The Collective Unconscious in the Age of Neuroscience:
Severe Mental Illness and Jung in the 21st Century
March 19 @ 10:00 am – 3:00 pm
In-Person + Zoom:
Prepaid Cost: $60.00 – $80.00
Presented by Hallie Durchslag, Ph.D.
Is all psychosis the same? Depth psychology treats it as such, yet medical models of severe mental illness say different. While medication can be a dirty word in Jungian circles, some disorders cannot be treated without it. Is there common ground? Can Jung’s bedrock notion of a collective unconscious coexist within scientific advances that have occurred since his death? The answer is a resounding yes. This workshop will explore the remarkable prescience of Jung’s work, how medical models actually advance his theory, and the challenges and opportunities for analytical psychology moving forward.
Join us for a personal journey of enchantment, then disillusionment, with Jungian practice through the presenter’s own struggle with bipolar I disorder and psychosis. The research Dr. Durchslag will share was born out of the lived conundrum of reconciling medical and depth psychological models of treatment. In the end, her journey led to a renewed and deeper connection to Carl Jung’s body of work.

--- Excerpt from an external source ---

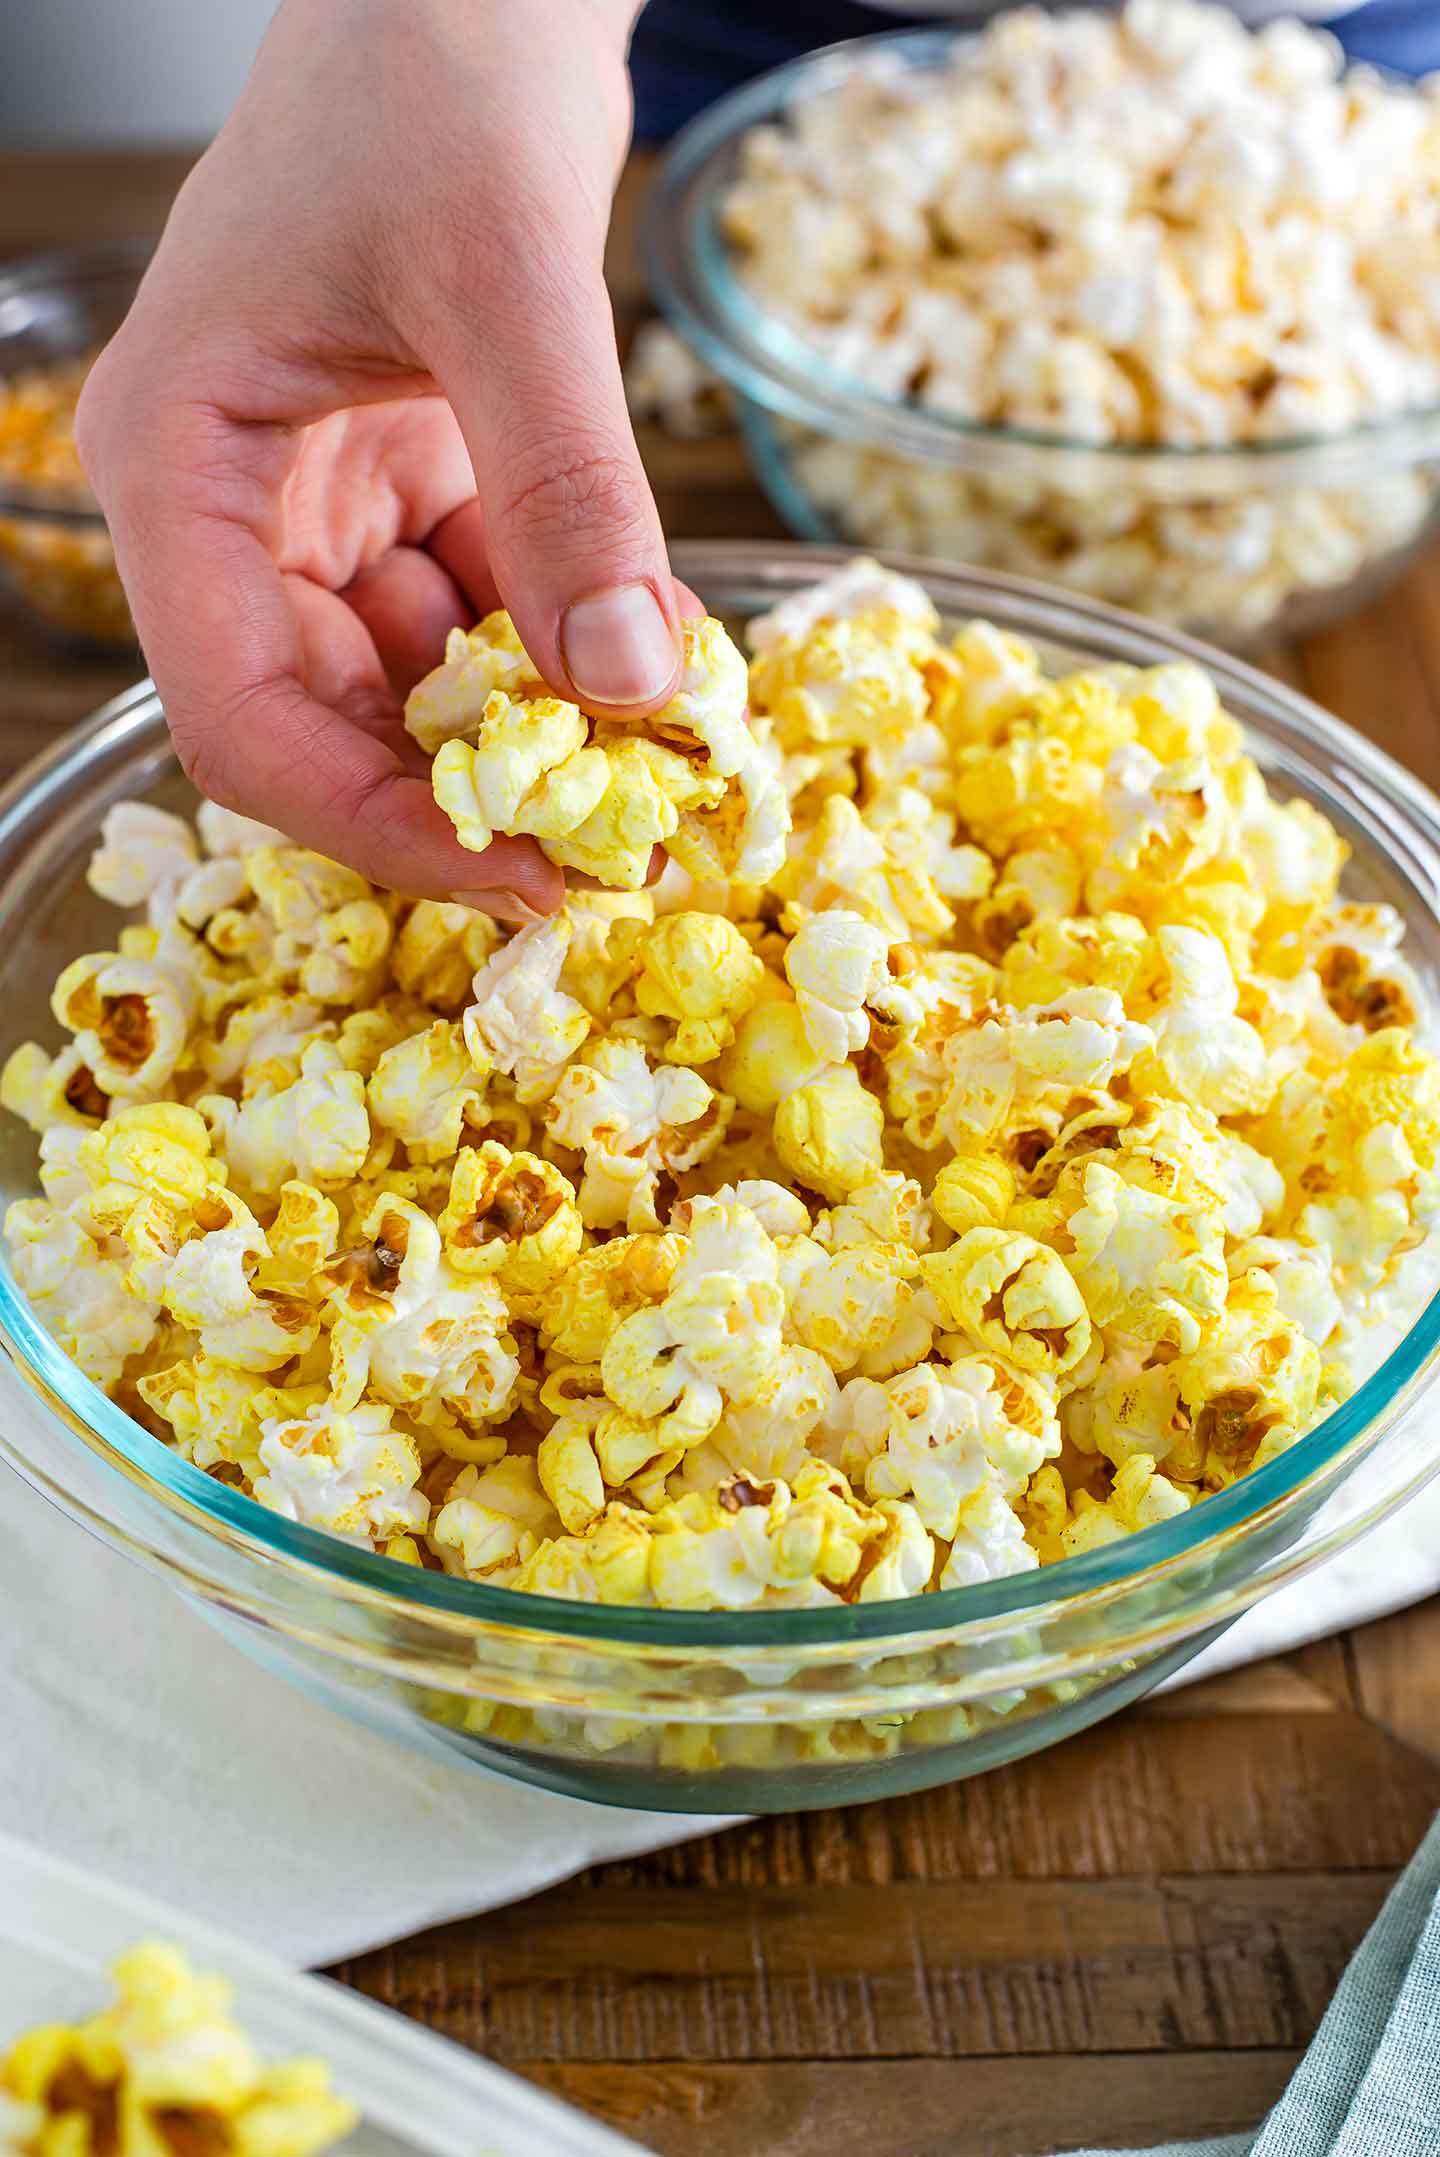 Side view of a hand grabbing popcorn from a large bowl.

This workshop will allow participants to view these questions through an analysis of 4 autobiographical narratives, including the presenter’s, which highlight the consistency of connection to numinous and transpersonal collective material. A brief overview of medications used in the treatment of severe mental illness will offer a vision of how this transcendent material appears to manifest at a physiological level, and shed light on Jung’s later exploration of synchronicity and the ultimate unity between psyche and matter.
Learning objectives:
- Define severe mental illness from the perspective of both medical and depth psychological models.
- Use case material to highlight challenges for depth psychology in regard to bipolar I disorder and schizophrenia.
- Build familiarity with the divergent paths of classical and developmental post-Jungian theory and practice.
- Build a global understanding of current medications for the treatment of severe mental illness.
- Utilize case material to highlight how severe mental illness aligns with basic tenets of analytical psychology.
- Identify and explore how individuation and notions of Self coincide/diverge in psychotic disorders.
- Build dialogue related to human physiology and a collective psyche.
Hallie Beth Durchslag, Ph.D., is a Jungian-oriented psychodynamic psychotherapist who has presented both in the United States and abroad on severe mental illnesses and their connection to Jung’s theory of a transpersonal collective unconscious. She is based in Ohio, USA, where she teaches, writes, and maintains a private practice.